One evening, I sat with some lovely people at a café, discussing the way forward for a project. Everyone was proposing constructive opinions. It was great! While listening to them though, I drew a cube in my book. And shaded it.
That was it! My mind shut down and I stopped listening. When they asked for my opinion, I became John Rambo. You have no idea how horrible I felt later. But what led to this behavioral change?
I have worked in the corporate for many years. I have attended endless meetings; sometimes all day. Colleagues would ask why I looked drained. I said it was because I was. But they refused to believe it. “How can meetings be exhausting?”, they asked. “What better way to spend your day than talk and do no work?”
But I hated meetings. They were ego boosters for people in love with their own voices. Imagine sitting in a room filled with people for hours, with just one or two people doing all the talking. Nothing constructive ever came out of these meetings. My ears bled and eyelids felt like they were tied to paperweights. No wonder meetings rank among the top three time wasters in the office.

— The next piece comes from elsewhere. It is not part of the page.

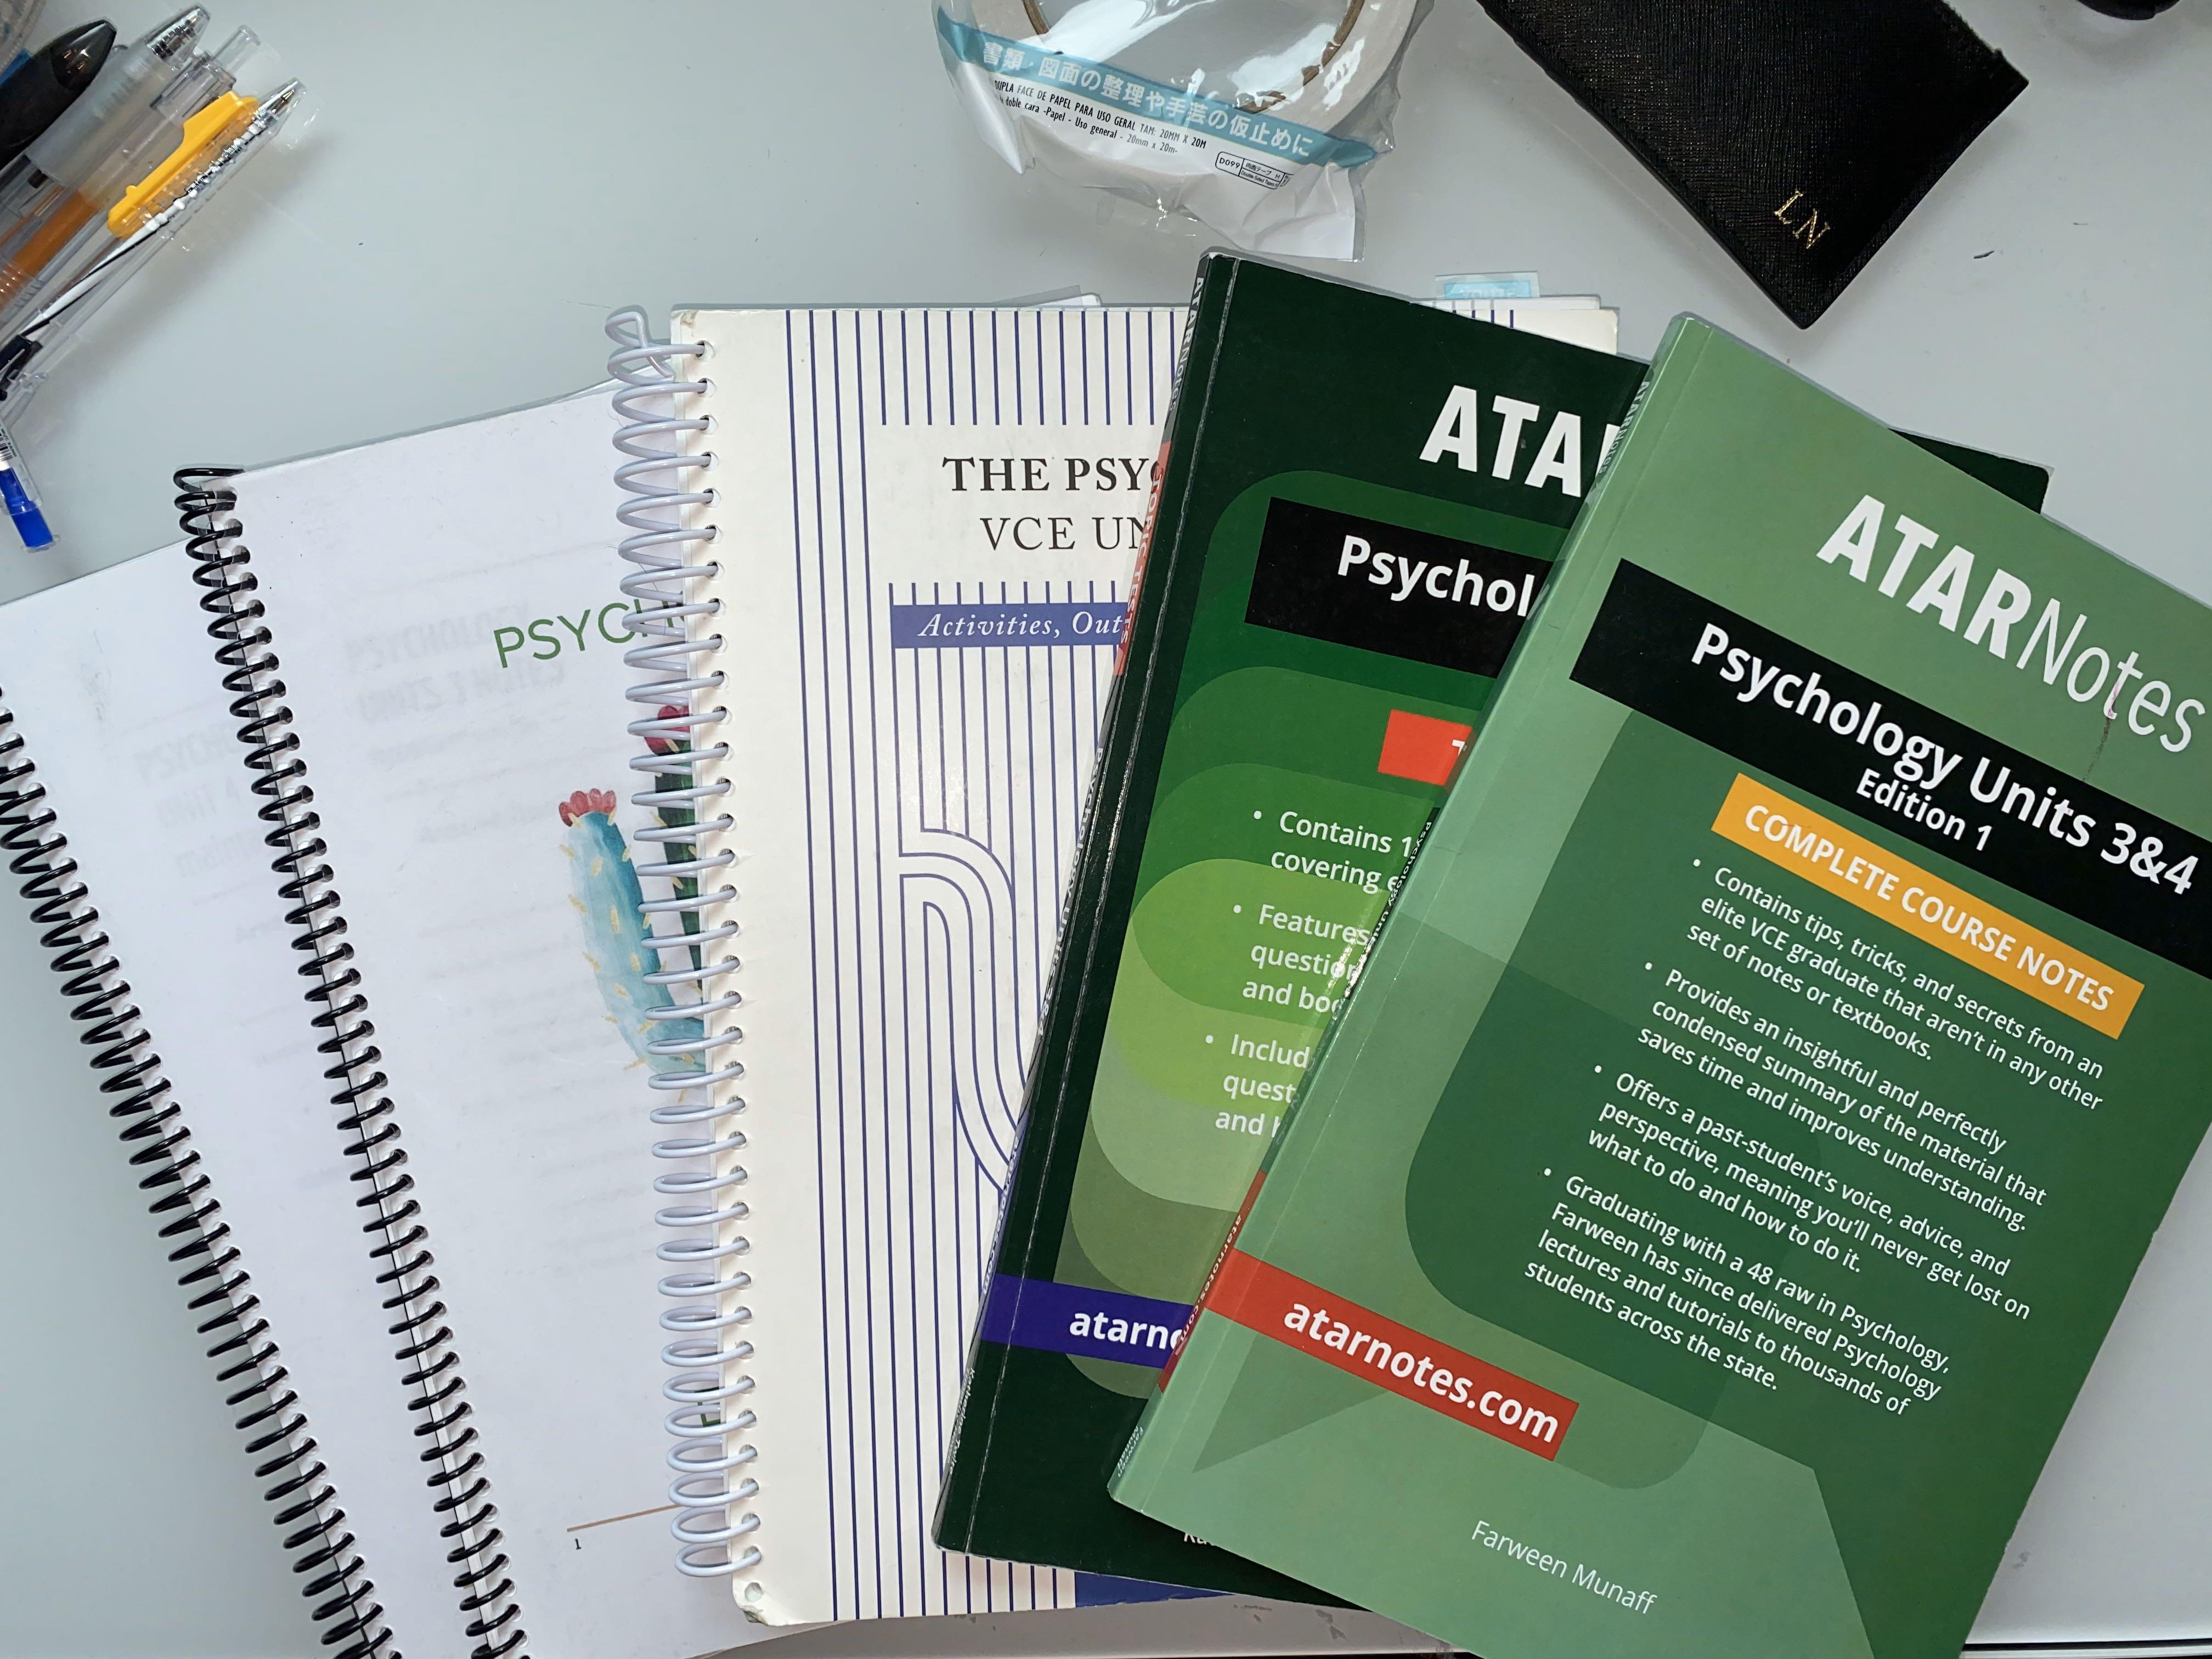 U3/4 Psychology  atar notes, spiral workbook, notes

A book and pen were my only companions. To retain sanity, I would doodle – draw cubes and shade them. You have to something. How long can you fake paying attention and get away with it.

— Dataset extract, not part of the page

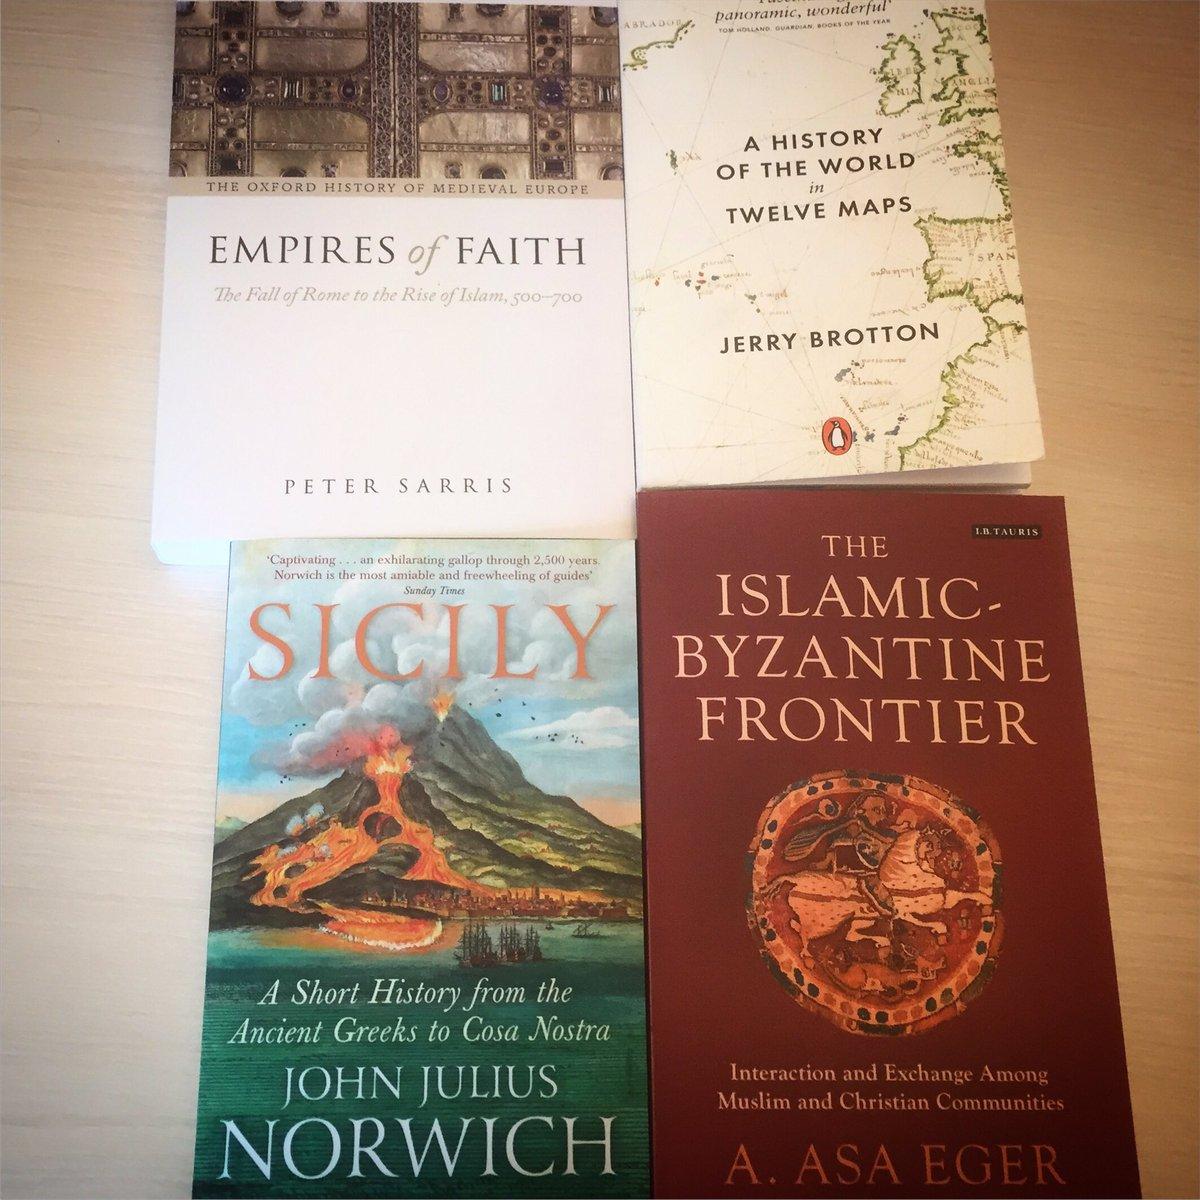 The four #books that will accompany me in the next three months. #volersibene #history #sicily #islam #Byzantium #politics #academics #libripic.twitter.com/qY1iA43eic

This doodling turned out to be my trigger. A trigger is an action or event that sets off specific emotions or behavior. For instance, let’s assume that you don’t like your workplace. Your mind is filled with negative thoughts about it. If, for a few mornings, the alarm off and you brood over these thoughts, the alarm becomes a trigger. Each time it rings, negative thoughts flood your mind. A grumpy day follows, even though nothing may go wrong in it. It’s just a behavioral change. Or, if you walk into the kitchen and open the fridge a few times, it becomes a trigger. Every time you enter the kitchen, your subconscious mind directs you to the fridge. Before you know it, your weight has spiraled out of control.
Your brain tries to save energy. Hence, when it experiences an event often, it forms patterns. These patterns are stored in the basal ganglia and become habits. That’s why you don’t think while brushing, eating, wearing clothes (choosing doesn’t count). It’s automatic. With experience, your conscious mind also works less while driving, cooking or swimming.
Preemption is another factor which leads to triggers. As discussed above, your brain experiences events and formulates patterns. These patterns can be good or bad. Imagine, for instance, that someone says something that ticks you off. This leads to an outburst of angry (and regrettable) reactions. Or if you look forward to something, your mind is filled with good thoughts. I’m hooked to doodling when I’m bored. This trigger makes me numb-minded and irritable.
How can you become aware of these triggers and overcome how they challenge your subconscious mind? Judy Nelson suggests a simple exercise:
- Spend the next two weeks doing nothing different but observing your irritation.
- Write down every time you feel the least bit annoyed and what sets you off.
- At the end of the two weeks, review your entries for common triggers for irritation and frustration.
This exercise helps you become self aware and recognize your natural instincts. Once you know your triggers, you can tweak your responses. “Just because you are naturally reactive doesn’t mean that you always have to react naturally”, Judy writes.
Why is it important to control your reactions? Because reactions are often negative and knee-jerk. Responses, on the other hand are positive and yield positive results. The former often damages a situation and your ability to handle pressure. The latter makes you mentally stronger and fortifies you to take challenges on.
Yes, it is easy to blame others for your irritability. It’s your boss’ fault that the project wasn’t completed on time. It’s your friend’s fault because he said something which ruined your mood. It’s your spouse’s fault that… oh, anything that goes wrong can be blamed on a spouse. But that’s not how you lead life. Instead of looking for good people, focus on being one yourself.
Focus on others, and the world looks confusing. But focus on yourself, and all the pieces fall into place.